Mówiąc to przeszywała go oskarżycielskim wzrokiem. Tommy spojrzał na Jonasa i westchnął.

– Nie teraz, Lizzie.

– A tak przy okazji, widziałam pomnik Giny. Jest piękny. „Kochająca żona i matka…”. Chwyciło mnie za serce, szczerze. Ale wszyscy wiedzą, że powinno być: „Gina Rifkind. Udawała głuchą i ślepą przez lata i wychowała snoba, który odziedziczy pieniądze ojca, chociaż go nienawidzi”.

Znowu dała znak barmance. Tommy dziwił się sam sobie, dlaczego, do cholery, wysłuchuje tego pieprzenia. Ale rozumiał, że Lizzie musi wyrzucić to z siebie i zgnoić go wreszcie. Poprawiała sobie samopoczucie, lecz mówiła samą prawdę.

Jego legalny syn nie kontaktował się z nim od śmierci matki, swoich wnuków, których uwielbiał, nie widział od dwóch lat.

– Zamknij się, Lizzie – syknął.

Chrząknęła głośno i pochyliła się do przodu na krześle.

– Czy ty w ogóle potrafisz sobie wyobrazić, jak ja się czuję? Czy rozumiesz, co przechodzę każdego dnia? Okaleczyli go, do cholery. Dopadli mojego cudownego chłopca i zaszlachtowali go.

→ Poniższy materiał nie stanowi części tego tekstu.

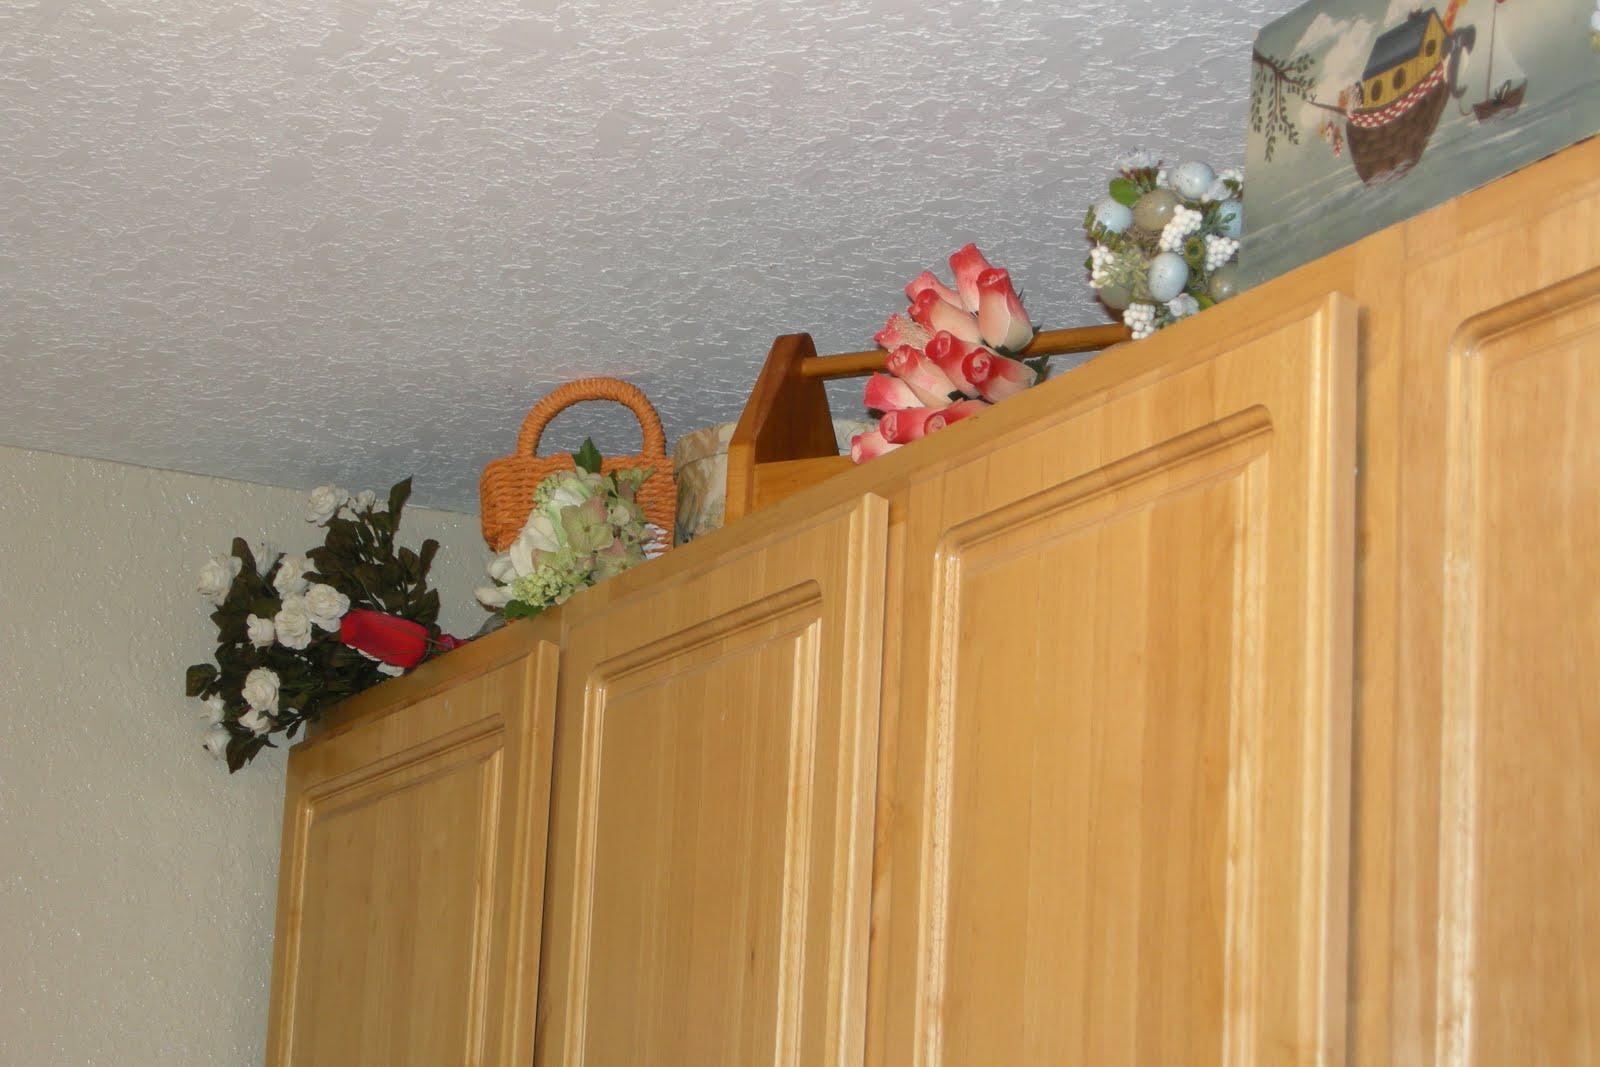 http://2.bp.blogspot.com/_ZWHi2fYLaV4/TH79RTNMK-I/AAAAAAAABUg/9QJHSH8_oIU/s1600/Wallpaper+up+in+laundry+room+(8).JPG

Chwyciła szklankę z nowym drinkiem i zdrowo z niej pociągnęła, po czym mówiła dalej:

– Nie widziałeś go, Tommy. Nie mogłam cię zlokalizować. To oczywiście nic nowego, wiadomo. Potwierdzałam tożsamość naszego syna, rozpoznając nie jego, tylko fragmenty ciała. Każdego dnia mam przed oczami jego twarz. Każdej nocy, kiedy próbuję zasnąć, widzę mojego chłopca poćwiartowanego, na sekcyjnym stole. A wszystko przez ciebie, Tommy. Wykorzystałeś go do swoich celów i nie obeszło cię, co się z nim stało.

Wysączyła drinka do dna.

– Jesteś gnojem, ale trzeba było dopiero śmierci mojego chłopca, żebym to zrozumiała. Byłeś dla mnie wszystkim, Tommy. Ty i mój synek. Jedyne osoby, na których mi w życiu zależało.

Wyciągnął portfel, odliczył pięćdziesiąt banknotów i położył je na stole.

– Masz tu okrągły tysiączek, Lizzie, spraw mu płytę.

Przez kilka chwil wpatrywała się w pieniądze, a potem się roześmiała.

– Udław się tymi pieniędzmi, Tommy Rifkindzie, za późno na nie. Dwadzieścia lat po czasie. Nie chcę twoich pieniędzy, chcę usłyszeć od ciebie, że nie zmarnowałam życia, wychowując twojego syna. Chcę usłyszeć, że był dobrym dzieckiem. Że ktoś jeszcze poza mną go kochał. Tyle że on cię w ogóle nic obchodził. Niestety, wiedział o tym. Poszedł w twoje ślady, żeby zdobyć twoją miłość, bo kochałeś tylko tego drugiego. Chryste, jak on o tobie mówił… jakbyś był bogiem.